Newcomb's problem is a thought experiment that pits expected value calculations against the dominance principle. One boxers tend to be one boxers because one boxers get rich as a result of being one boxers. Two boxers tend to be two boxers because they apply reason to this problem to see that the decision to two box yields them an extra thousand dollars. The debate has not been settled and the discourse around it rages on.
I was reading this post that sums up the discourse on Newcomb's problem quite nicely. The post argues that one boxers care about what the optimal agent type is, whereas two boxers care about what the optimal decision is. So perhaps one boxers and two boxers are simply talking past each other.

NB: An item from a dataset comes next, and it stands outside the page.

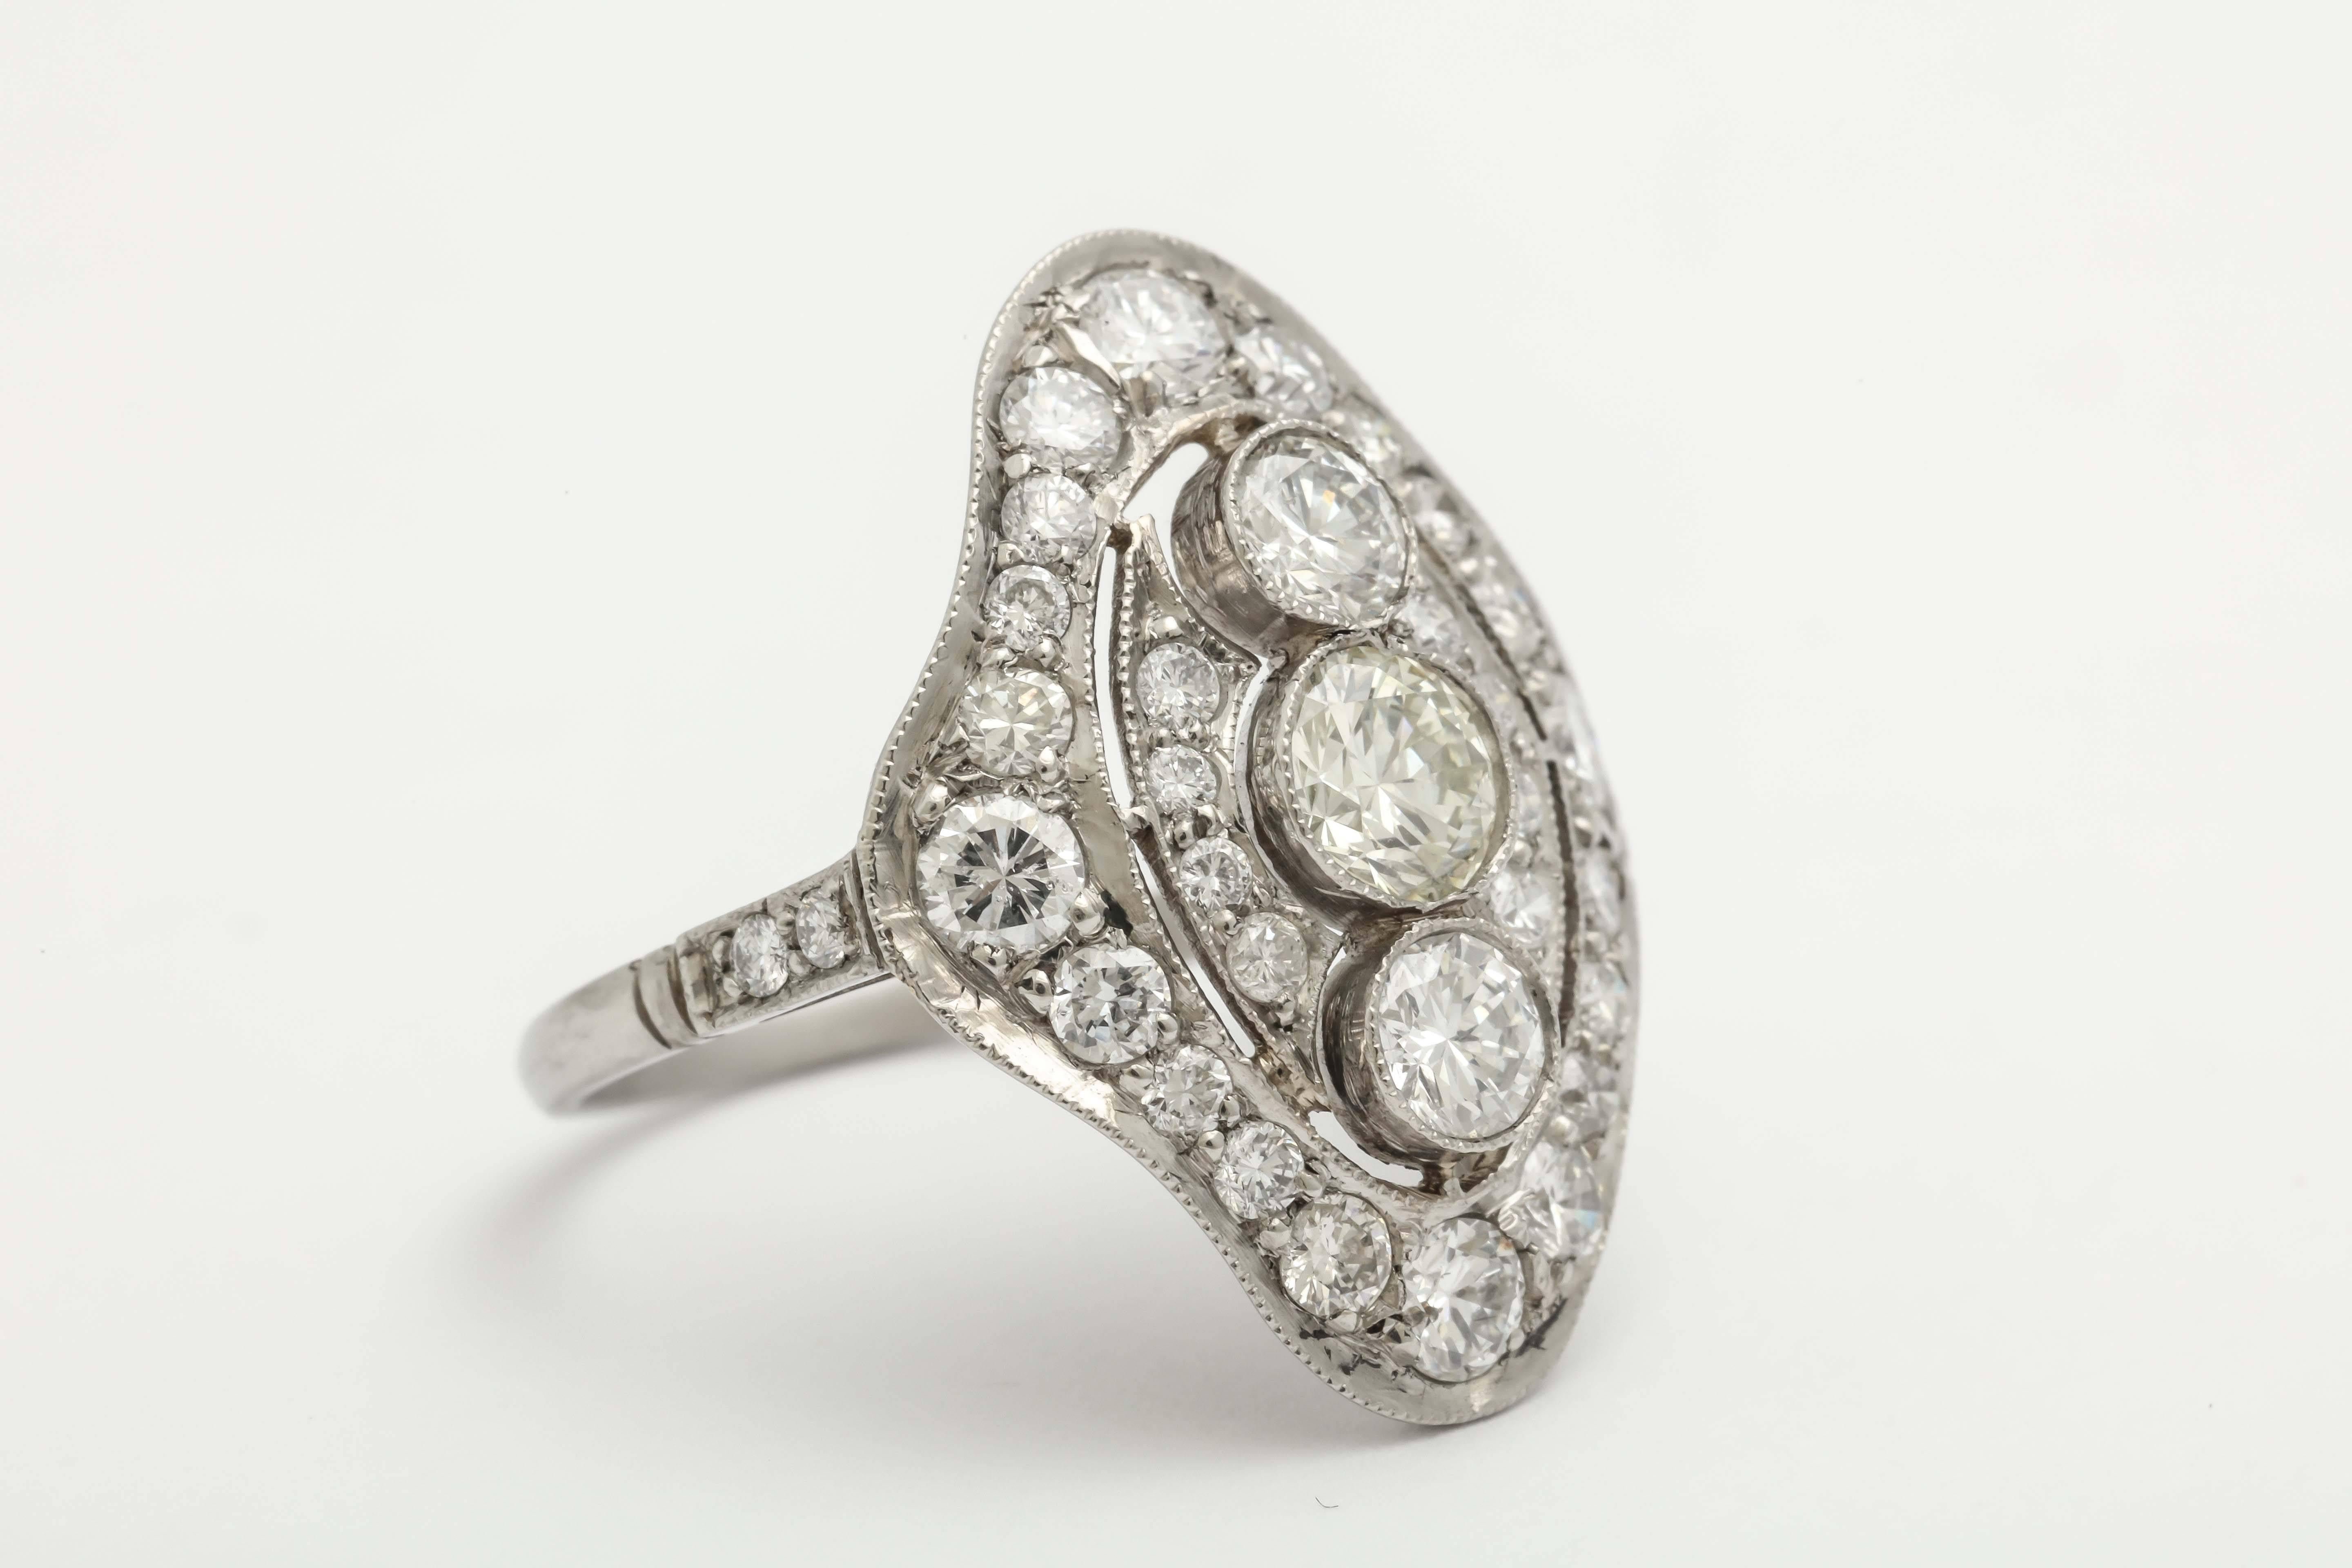 One Platinum & Diamond Cocktail Oblong Shaped Dinner Ring Centering [3] Vertical Bezel Set Diamonds Weighing Approximately .75 cts Total Weight And Surrounded By Numerous Antique cut Diamonds weighing Approximately 1.25 Carats. Total Weight Of

After all, everyone agrees that, if the prediction is based on your disposition, then it is optimal to have had the disposition of a one boxer at the time that the prediction was made. The difference is that the two boxer further insists that you have no control over your disposition at the time the prediction was made, and once the prediction has already been made, two-boxing is the optimal decision because it causes you to get an extra thousand dollars relative to the one-boxing decision. It seems, then, that one boxers are simply failing to see the two boxer's point because they hyper-fixate on the optimal disposition, not on the optimal decision.
I believe this conclusion is exactly backwards from the reality. It is the two boxer who places undue emphasis on disposition, whereas one boxers care only about results.
To see this, imagine if we lived in a world where everyone suffers from occasional, involuntary muscle spasms.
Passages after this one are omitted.